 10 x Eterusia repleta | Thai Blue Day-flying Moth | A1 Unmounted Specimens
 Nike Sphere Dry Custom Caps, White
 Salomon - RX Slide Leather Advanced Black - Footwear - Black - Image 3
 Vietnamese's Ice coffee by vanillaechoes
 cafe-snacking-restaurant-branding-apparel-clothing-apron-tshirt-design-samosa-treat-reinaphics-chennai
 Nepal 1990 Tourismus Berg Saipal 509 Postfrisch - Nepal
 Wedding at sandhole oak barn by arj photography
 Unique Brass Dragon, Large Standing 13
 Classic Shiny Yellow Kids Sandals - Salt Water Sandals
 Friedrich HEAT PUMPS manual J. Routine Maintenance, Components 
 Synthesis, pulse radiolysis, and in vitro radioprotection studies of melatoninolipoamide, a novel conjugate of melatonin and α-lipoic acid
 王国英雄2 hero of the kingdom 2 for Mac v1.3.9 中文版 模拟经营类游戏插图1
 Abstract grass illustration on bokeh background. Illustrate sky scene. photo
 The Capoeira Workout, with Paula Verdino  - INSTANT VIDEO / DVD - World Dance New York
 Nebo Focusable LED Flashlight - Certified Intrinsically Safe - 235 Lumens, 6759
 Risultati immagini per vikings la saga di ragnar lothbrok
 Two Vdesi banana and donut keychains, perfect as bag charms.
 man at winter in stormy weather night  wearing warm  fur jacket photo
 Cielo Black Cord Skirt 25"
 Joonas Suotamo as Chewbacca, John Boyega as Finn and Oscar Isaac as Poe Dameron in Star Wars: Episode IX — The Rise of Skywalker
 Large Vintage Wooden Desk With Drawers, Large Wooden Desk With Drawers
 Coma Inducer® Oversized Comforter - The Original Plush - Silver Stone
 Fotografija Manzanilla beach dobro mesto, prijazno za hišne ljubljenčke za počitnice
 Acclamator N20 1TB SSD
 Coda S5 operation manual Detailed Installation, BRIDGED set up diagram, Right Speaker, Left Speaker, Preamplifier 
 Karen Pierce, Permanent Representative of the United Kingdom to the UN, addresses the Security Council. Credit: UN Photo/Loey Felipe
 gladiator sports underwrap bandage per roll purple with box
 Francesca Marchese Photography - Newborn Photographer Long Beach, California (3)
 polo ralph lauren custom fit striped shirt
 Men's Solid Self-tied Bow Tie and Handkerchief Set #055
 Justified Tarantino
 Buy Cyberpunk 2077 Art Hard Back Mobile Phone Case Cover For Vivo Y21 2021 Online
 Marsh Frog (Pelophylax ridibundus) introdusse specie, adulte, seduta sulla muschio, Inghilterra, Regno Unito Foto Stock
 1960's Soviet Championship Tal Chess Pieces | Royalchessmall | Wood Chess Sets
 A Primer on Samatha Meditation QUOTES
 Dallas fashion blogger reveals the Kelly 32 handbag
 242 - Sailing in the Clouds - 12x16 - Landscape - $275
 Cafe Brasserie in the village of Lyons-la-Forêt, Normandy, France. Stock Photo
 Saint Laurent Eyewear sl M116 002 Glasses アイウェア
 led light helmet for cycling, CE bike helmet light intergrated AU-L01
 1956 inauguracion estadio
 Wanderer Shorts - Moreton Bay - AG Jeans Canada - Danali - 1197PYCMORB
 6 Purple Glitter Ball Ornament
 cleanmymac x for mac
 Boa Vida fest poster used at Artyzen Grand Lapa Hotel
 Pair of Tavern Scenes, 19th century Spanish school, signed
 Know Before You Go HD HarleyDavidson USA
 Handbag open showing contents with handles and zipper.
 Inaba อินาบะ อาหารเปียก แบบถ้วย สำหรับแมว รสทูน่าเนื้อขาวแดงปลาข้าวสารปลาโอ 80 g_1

[PROBLEM TO WORK ON]
If a line in the data above includes the string "Stock", copy it.

[OUTPUT BELOW]
 Marsh Frog (Pelophylax ridibundus) introdusse specie, adulte, seduta sulla muschio, Inghilterra, Regno Unito Foto Stock
 Cafe Brasserie in the village of Lyons-la-Forêt, Normandy, France. Stock Photo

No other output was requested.